Norman Louis Knight (September 21, 1895 – April 19, 1972) was an American chemist and writer of fantasy and science fiction.[1]
Biography
Knight was born in St. Joseph, Missouri on September 21, 1895, at 2109 Messanie Road. His father Louis Ruthven Knight was a druggist, and the family - including his mother Mary E. Knight (née Stauber) - lived over his drugstore.
Knight joined the US Army in 1917 and was sent to France, where his service was interrupted by a bout of influenza. Upon recovering, he was assigned to carry messages between commands via horseback with the Signal Corps. After the war, he joined the nascent National Weather Service in Davenport, Iowa, where he met his future wife Marie Sarah Yenn. They had one child, a girl named Paula Marie.
Writings
Knight's writing career was relatively abbreviated, consisting almost entirely of stories published in Astounding between 1937 and 1942; these included two serialized novellas. He briefly emerged from retirement between 1965 and 1967 with the novel A Torrent of Faces, co-written with James Blish. Very modern in style and outlook compared to Knight's Golden Age fiction, the novel saw numerous reprints, and was featured in the Ace Science Fiction Specials line.[2] It remains Knight's most prominent work. Several of its chapters, published independently in Galaxy Magazine in 1965 as the novelette "The Shipwrecked Hotel", were nominated for the 1966 Nebula Award.

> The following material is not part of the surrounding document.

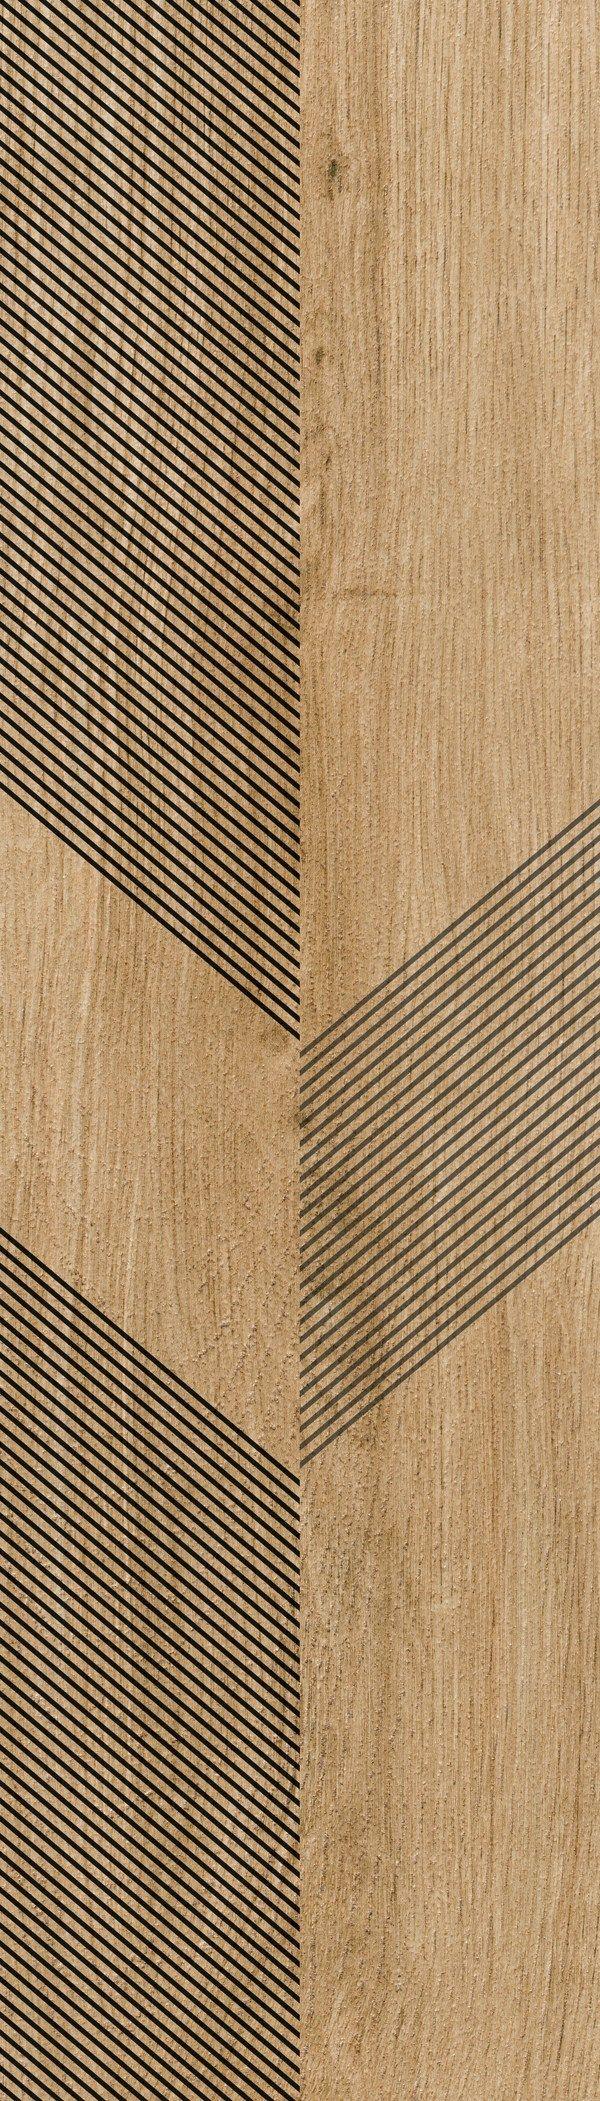 Floor tiles TYPE-32 SLIMTECH slimtech Collection by LEA CERAMICHE   design Diego Grandi
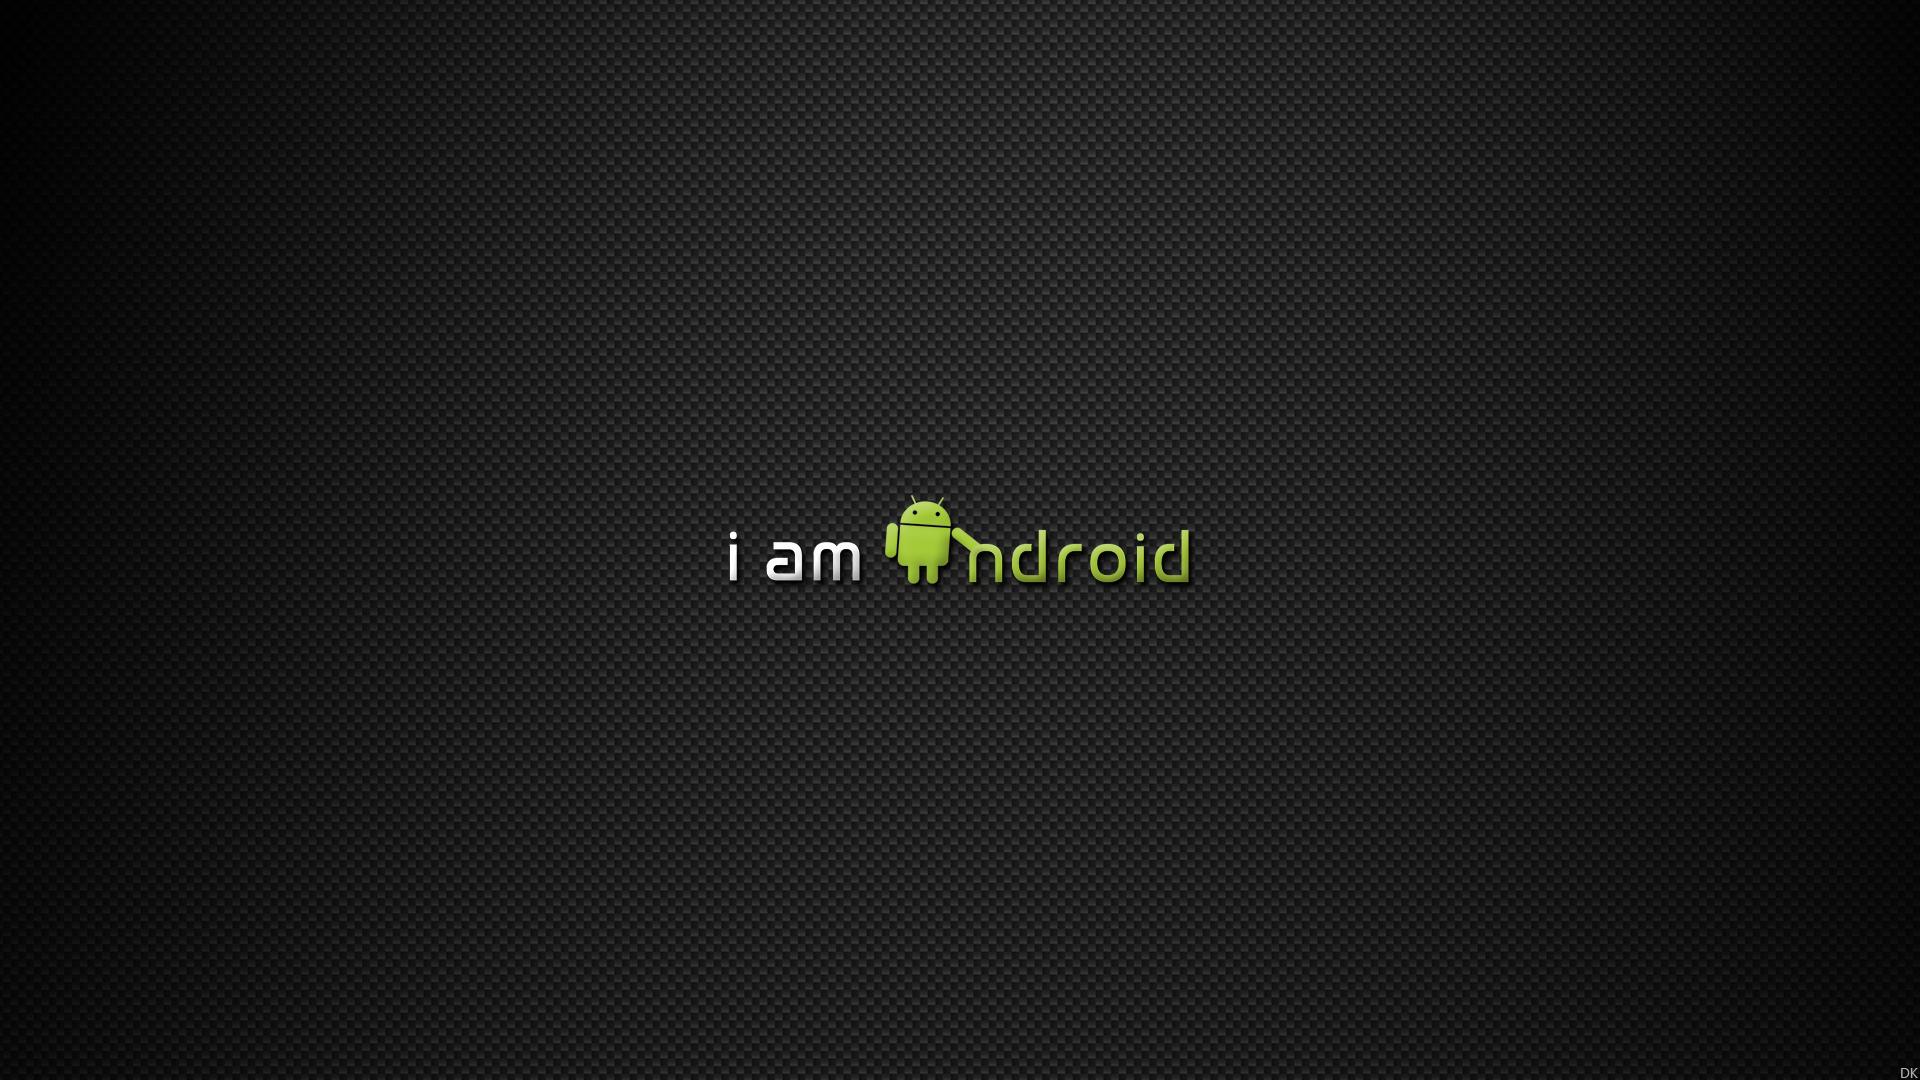 Android Logo Black Background 5392 Wallpaper Cool Walldiskpapercom 1920x1080

Despite a relatively successful career in Golden Age magazines, Knight never achieved prominence, and his work rapidly fell into obscurity. A rare contemporary critical notice was provided by Edmond Hamilton and Leigh Brackett, who praised his 1939 story Saurian Valedictory as "one of the really great stories on alien mentality", while lamenting that it was "a brilliant achievement, and nobody seems to have heard of it, or him. It was an attempt to depict a reptilian civilization before Man. It succeeded triumphantly; the values were all so different, the psychology".[3]
Bibliography
Novels
- A Torrent of Faces (novel, 1967) with James Blish
Short fiction
- "Frontier of the Unknown" (novella, Astounding, July-August 1937)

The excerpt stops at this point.